最初はあんなに綺麗だったのに、水気を失ってぱさぱさになっていたり、一部分が欠けているところがそれまでの苛酷な旅路を思わせる。
「ずっと守ってくれてありがとう。僕の幸運も上乗せして返すよ」
「ばか、お前の幸運はお前のもんだろうが。安売りすんな」
「利子だよ利子」
そんな軽口をたたき合って、シーザーは羽根飾りに手を伸ばし──その寸前でぴたりと指を止め、少しだけ考えてから、問うた。
「その選択は、お前がしあわせになれるものか?」
「うん!」
ためらいひとつなく、澪は頷いた。
大切な宝物を見つけたような、あかるい笑顔だった。
ジョースター一行とは異なる目的でここまで辿り着いた澪が、この旅路で何かしらの答えを見つけられたのならば、信じようと思った。
それがどんな結果を招いたとしても受け入れようと──誓った。
だから、
「なら、よかった」
シーザーはそれだけを告げて、羽根を手に取った。
小さな羽根飾りは、まるで何かを訴えるかのように彼の手の中でふわりと揺れた。
「よぉっし、シーザー!」
全ての準備が終わったのか、澪は俄然イキイキした様子で問いかける。
「シャボン液の準備は万端かね!?」
「当然」
「波紋の調子は万全かね!?」
「もちろんだ!」
「じゃあDIOのあほと、スタンド使いをボッコボコにする覚悟はおーけー!?」
「ッたりめーだろうが! 俺を誰だと思っていやがる!」
胸を張るシーザーに、澪は肉食獣めいたぎらつく瞳でにやりと笑い、いつの間に出したのか愛刀を腰に差し、片方の手には昔ながらのマッチ箱。
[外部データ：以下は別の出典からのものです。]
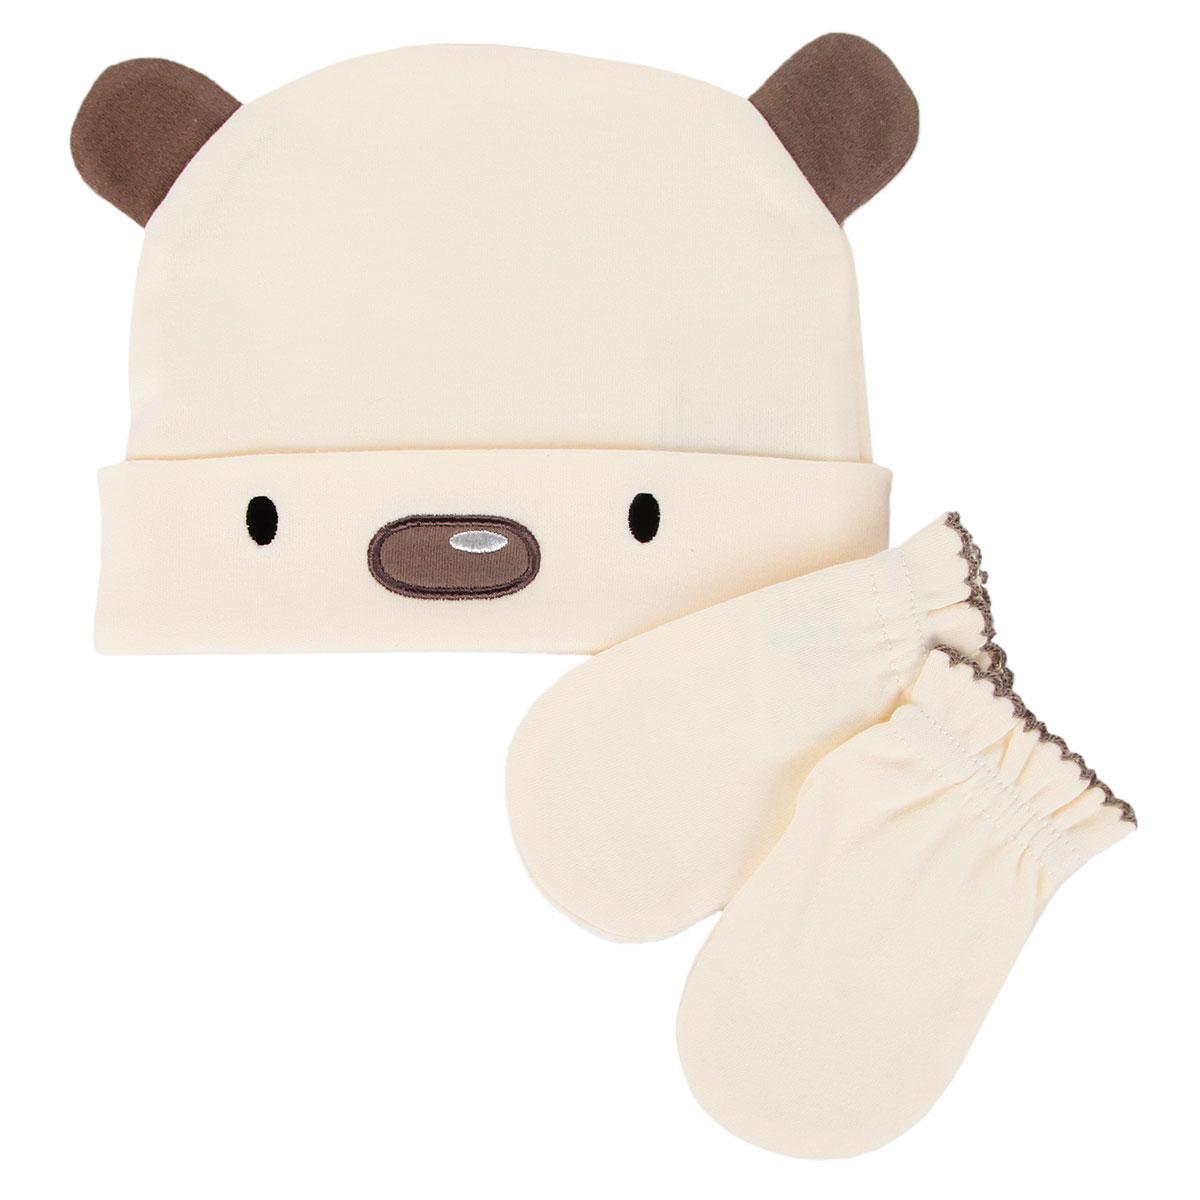 Комплект для мальчика Babydays Медвежонок: шапочка, рукавички, цвет: бежевый, коричневый. bd20007. Размер Nb (48/58), 0-3 месяца babydays плюшевый

「待ってろよディオ! よくも僕ん家をシロアリなんぞで倒壊させてくれたな! 目には目を! 歯には歯を!」
シュッとマッチの先がすられ、火が灯る。
「規模が小さいのが残念だけど……家屋破壊には家屋破壊じゃああ! 喰らえーい!」
全身を駆け巡るハイテンションに身を任せて威勢良く大声を張り上げ、ぽーんと投げられた火の点いたマッチは狙い違わず火薬の真上に。
「ふぁいやーッ!」
刹那、爆音。
風が渦巻き、衝撃が髪をちぎれよとばかりに掻き乱す。熱波がどっと押し寄せてきた。
風向きの関係で真っ黒な煙をうっかり吸って盛大にむせていると、その間に煙は晴れ、壁のいちぶと窓ガラスが粉々に粉砕されていた。
「おお……ホントに爆発したな」
「えっ信じてなかったの?」
感心するシーザーに向き直ると、咄嗟に目線を逸らされた。まぁいいけど。
「そんなことより早く行こう! スタンド使いを索敵したり迎撃しつつポルナレフさんたちと合流!」
「ああ」
「あと壁とか窓、片っ端から破壊してもいい? ワムウさんの時みたいに!」
どうやら相当鬱憤が溜まっていたのか、刀をぶんぶん振り回しながら意気揚々としている澪を止める術が、シーザーには思いつかなかった。
「……自爆しないならな」
残念ながら手榴弾は品切れなのである。